The new methods required to do open source and forensic analysis are also creating a chasm in the literature between those working in the realm of computer science and the social sciences. Empirical studies are increasingly documented by reputable news outlets working with researchers, and research organisations focused on technology and digital forensics.
The Citizen Lab, based at the University of Toronto, has published numerous forensic investigations on digital authoritarianism across the region, and for some time ran a periodical update entitled The Middle East and North Africa CyberWatch.The Stanford Internet Observatory has also established relationships with companies like Facebook and Twitter, and frequently publishes analyses of state-backed information operations emanating from the Middle East based on data provided on those countries. Similarly, the Global Inventory of Organized Social Media Manipulation published annually by the Oxford Internet Institute interviews subject area experts to document the nature of disinformation in a worldwide context.
The European Union is also beginning to resource tackling disinformation, and, as Mariatje Shaake has noted, “Europe” is one of the only serious regulators of big tech. Given the wide range of methods required to study and identify disinformation, it does not sit comfortably within a single academic discipline.
It can seem somewhat arbitrary to focus on countries equally when studying a whole region. The term MENA is a problematic term used to describe diverse populations, languages, historical experiences and political traditions, not to mention increasingly divergent foreign policies and domestic priorities. Nonetheless, without wishing to appear reductive, many of the states are still bound by common strands, especially with regard to religion, language and legacies of imperial or colonial domination. At the very least, it is a useful, albeit flawed, heuristic.
In the context of this book, the MENA is also a nexus, where multiple actors compete for interest. Part of de-essentialising any region is to acknowledge that the “deception order” is not confined to authoritarian states hermetically sealed into neatly packaged geopolitical regions.

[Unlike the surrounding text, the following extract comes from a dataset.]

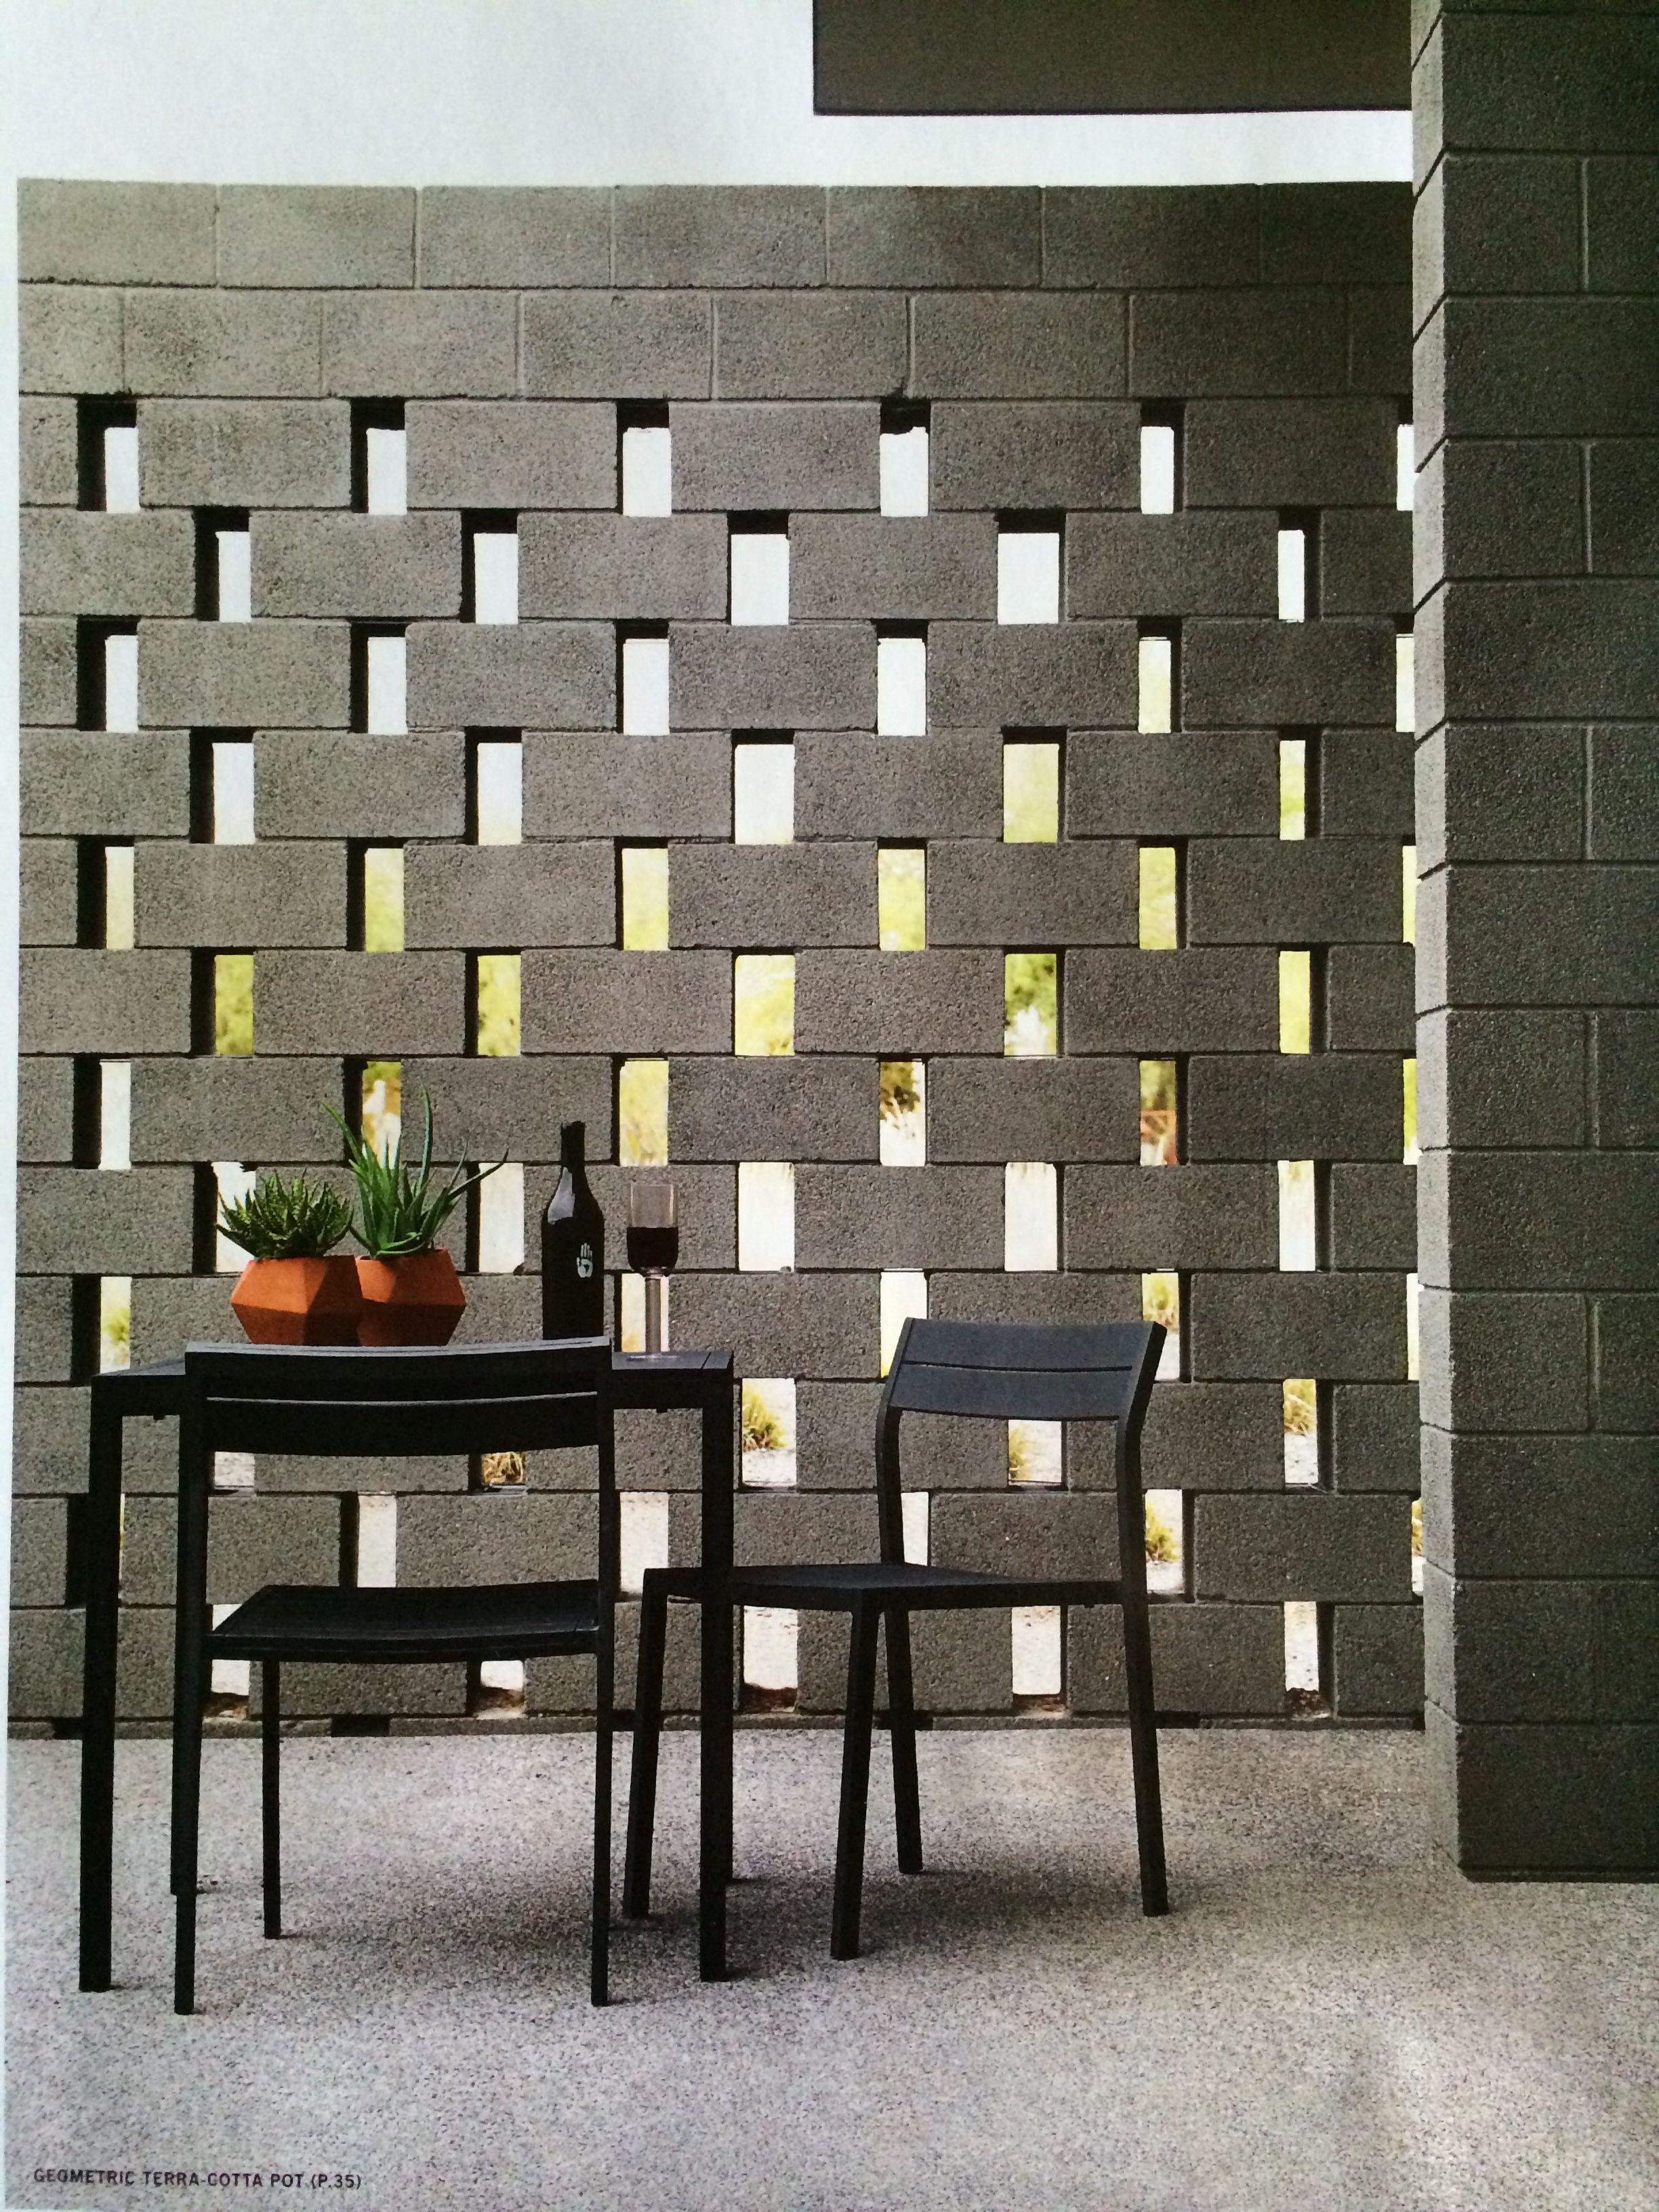 Concrete Block Trellis For Outdoor Wall Cinder Block Walls Concrete Block Walls Breeze Block Wall

While the role of the internet and digital media has spanned multiple disciplinary spheres, there is still a tendency within research on the region, and more broadly on the global context, to focus on the state as a key unit of analysis – whether in terms of state policies or state activities. This is particularly true of relevant studies of authoritarian resilience in the region, which focus on regime survival. Much of the capability of MENA-based actors comes from the utilisation of technologies and human resources from China, Europe and North America, which often permit such expertise to be shared on the basis that many of these countries share overlapping foreign policy goals.
This is not to discount the role of the state, but rather to acknowledge it as one actor among many in the creation of digital authoritarianism, and that states, just as they interact with other entities, are also able to more easily project their power beyond borders when it comes to digital authoritarianism.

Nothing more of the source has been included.